ABSTRACT
Gastric cancer (GC) is a tumor with high incidence and lack of early diagnostic markers. The aim of this study was to explore novel regulatory circular RNAs (circRNAs) in GC and their underlying mechanisms. Differentially expressed circRNAs were analyzed using the Gene Expression Omnibus (GEO). mRNA and miRNA expression levels were determined using real-time reverse transcription polymerase chain reaction (RT-qPCR). Protein expression was detected using Western blotting. Cellular functions were evaluated using the cell counting kit-8 (CCK-8) assay and flow cytometry analysis. Immunofluorescence analysis was used to visually identify microtubule-associated protein 1 light chain 3 (LC3) puncta on a per-cell basis. Furthermore, dual-luciferase reporter and RNA pull-down assays were performed to verify the interaction between microRNA (miR)-182 and circ_0001658/Ras-related protein Rab-10 (RAB10). Circ_0001658 was identified to be aberrantly expressed in GC tissues and was demonstrated in GC cell lines (AGS and HGC27) in vitro. MiR-182 bound to circ_0001658 and RAB10. Circ_0001658 and RAB10 were upregulated, whereas miR-182 was suppressed in AGS and HGC27 cells. GC cell viability and autophagy were inhibited and apoptosis was promoted after circ_0001658 knockdown, and the cellular functions were reversed by downregulating miR-182. Moreover, upregulated RAB10 neutralized the effects of miR-182 on cell viability, autophagy, and apoptosis of GC cells.
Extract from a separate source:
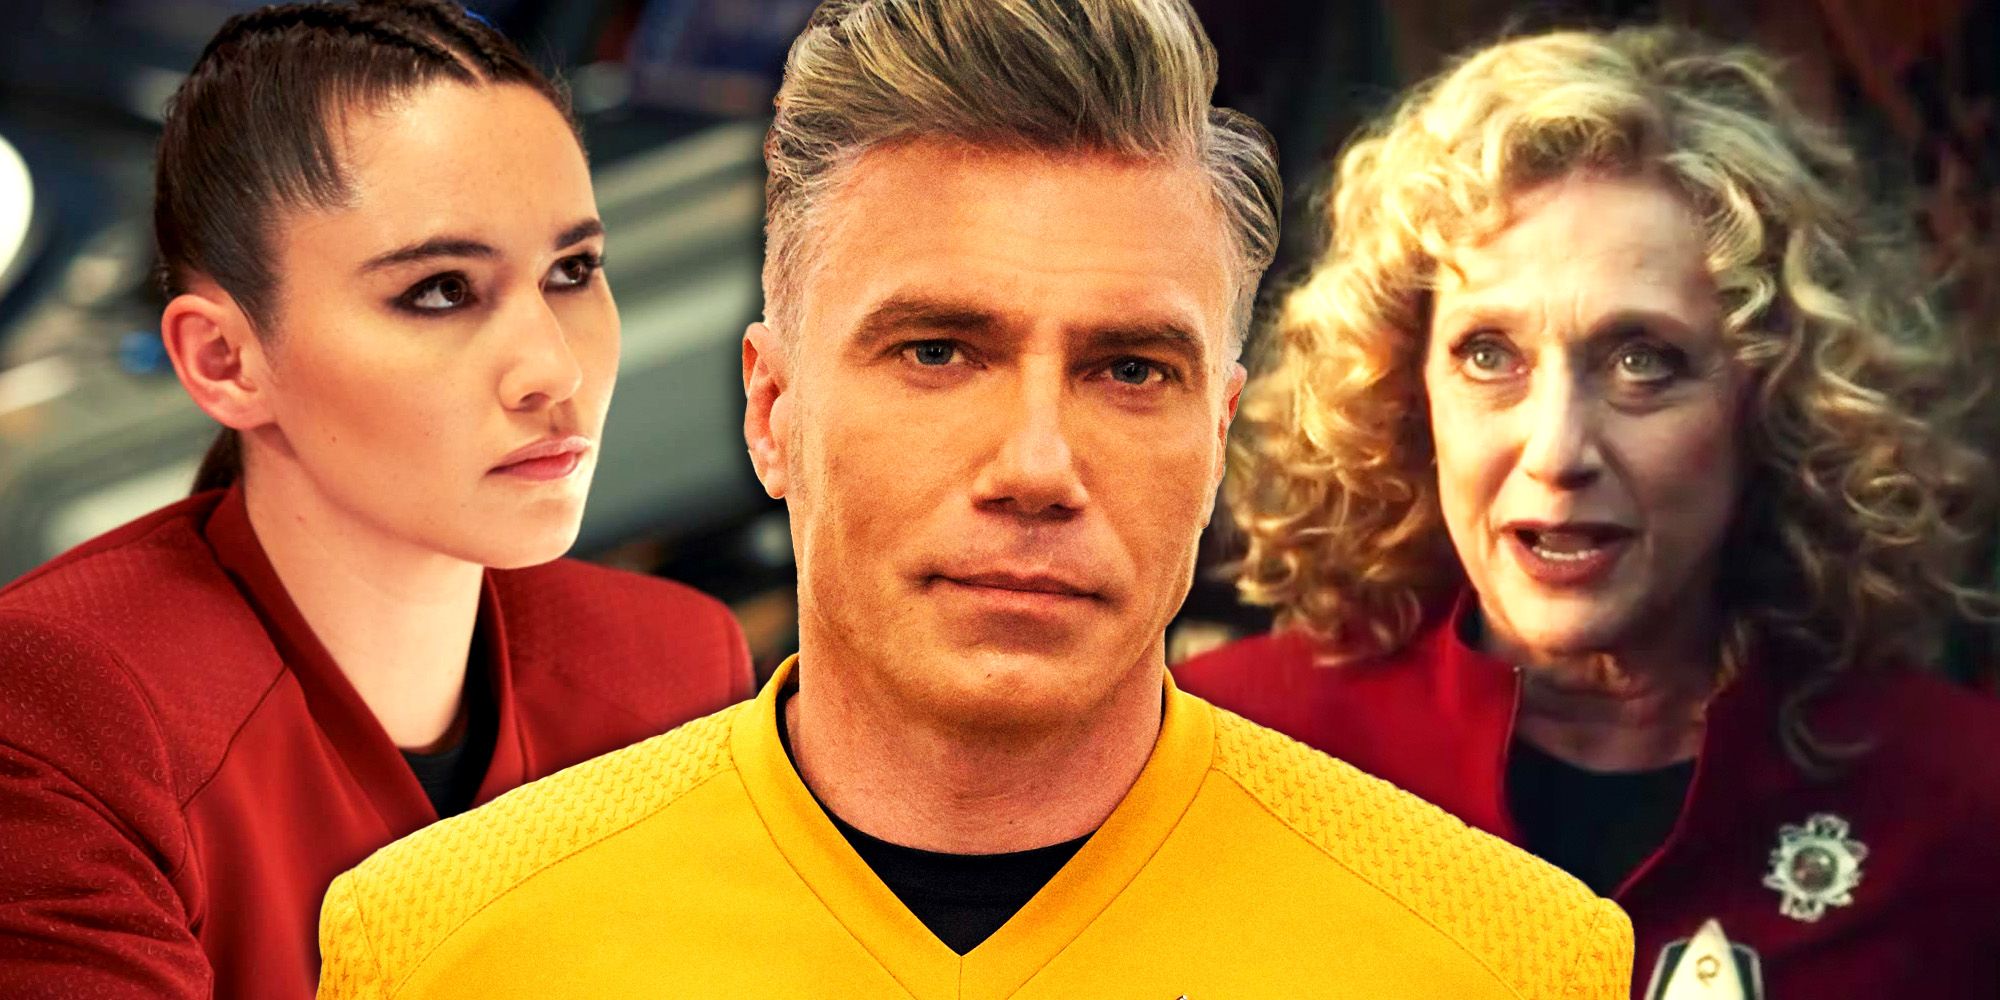 "Let's Make 20 A Year" Star Trek Executive Producer Wants More Strange

Silencing circ_0001658 restrained cell viability, suppressed autophagy, and promoted apoptosis of GC cells by sponging miR-182 to suppress the expression of RAB10. Therefore, circ_0001658 may be a potential therapeutic target for GC.
Introduction
Gastric cancer (GC) is a prevalent malignancy and one of the top three cancers in terms of mortality worldwide [Citation1,Citation2]. Patients with GC are often diagnosed with advanced GC because of the lack of specific symptoms and diagnostic markers of early GC [Citation3,Citation4]. Although treatment methods such as molecular targeted therapy have emerged, surgical resection and adjuvant chemotherapy are still the main treatment methods for GC [Citation5,Citation6]. Due to chemotherapy drug resistance which leads to poor efficacy, an in-depth study on the mechanisms of occurrence and drug resistance of gastric cancer are of great significance in improving early diagnosis, prognosis, and survival rate of advanced gastric cancer.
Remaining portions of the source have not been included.